The FSB, which was headed by Putin before he became prime minister and then president, has denied the charge. Russian authorities blamed the attacks on separatists from Chechnya in the volatile North Caucasus. The crimes were never solved.

VISA REGULATIONS VIOLATED

The Foreign Ministry, which handles media accreditation for foreign journalists, said Satter had failed to report to the federal migration service as required when he last arrived in Russia on November 21.

"In fact, from November 22 to November 26 this U.S. citizen stayed on Russian territory illegally," the ministry said, and a Moscow court had ruled on November 29 that he should be expelled. A court spokeswoman confirmed the ruling.

The ministry said Satter had left Russia on December 4 and was refused a visa when he wanted to return. He was just one of about 500,000 foreigners barred from Russia for periods of three to 10 years for breaking the law, the ministry added.

Radio Free Europe/Radio Liberty said the U.S. embassy in Moscow had sought an explanation from the Russian authorities, but without success. It quoted Satter as saying he had been told by a Russian embassy official in the Ukrainian capital Kiev that his presence was considered "undesirable".

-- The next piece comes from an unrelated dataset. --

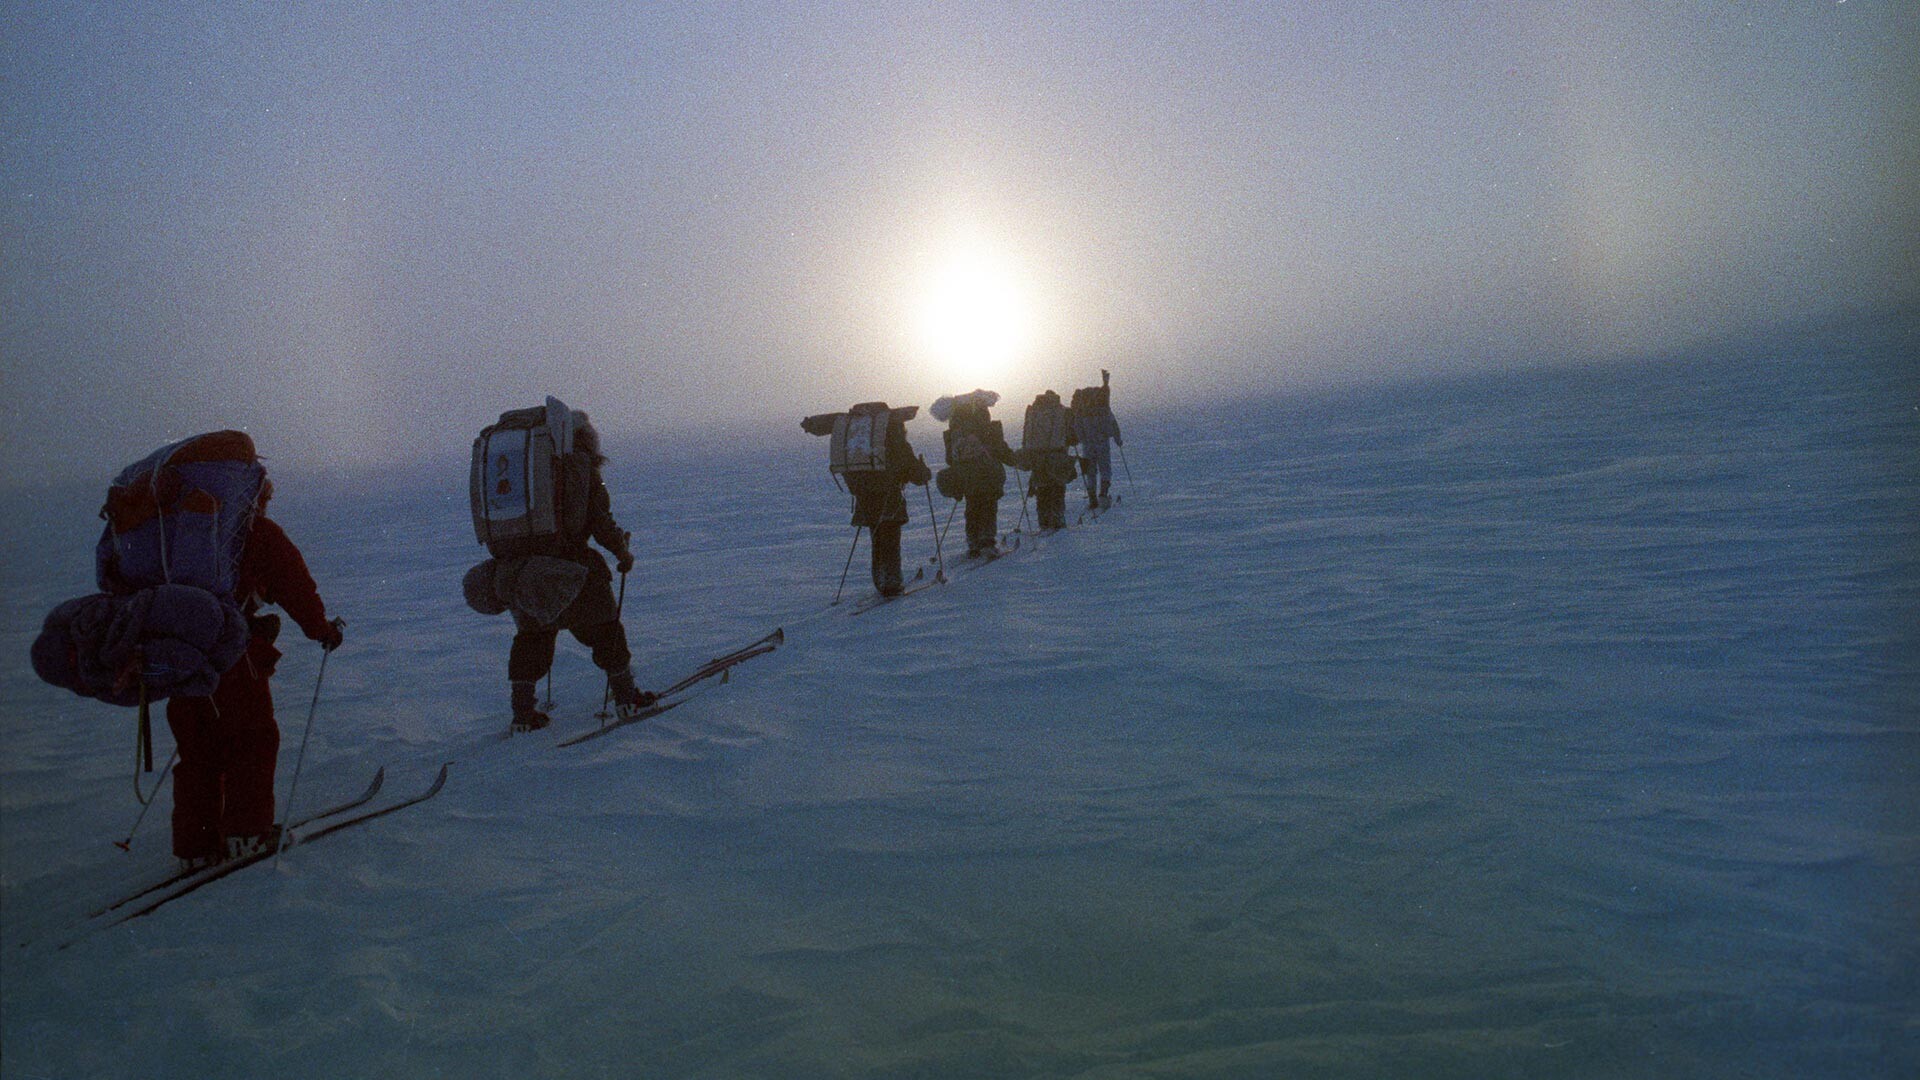 Membros da expedição cruzando a Baía Frobisher

Relations between Moscow and Washington improved during U.S. President Barack Obama's first-term push to "reset" ties.

But they have deteriorated again amid disputes on Iran, Syria, human rights and Russia's decision to give temporary asylum to American fugitive spy contractor Edward Snowden.

Russia expelled a U.S. diplomat in Moscow last year, accusing him of working as a spy and trying to recruit a Russian agent for the Central Intelligence Agency (CIA).

Public announcements of such expulsions have become rare since the end of the Cold War.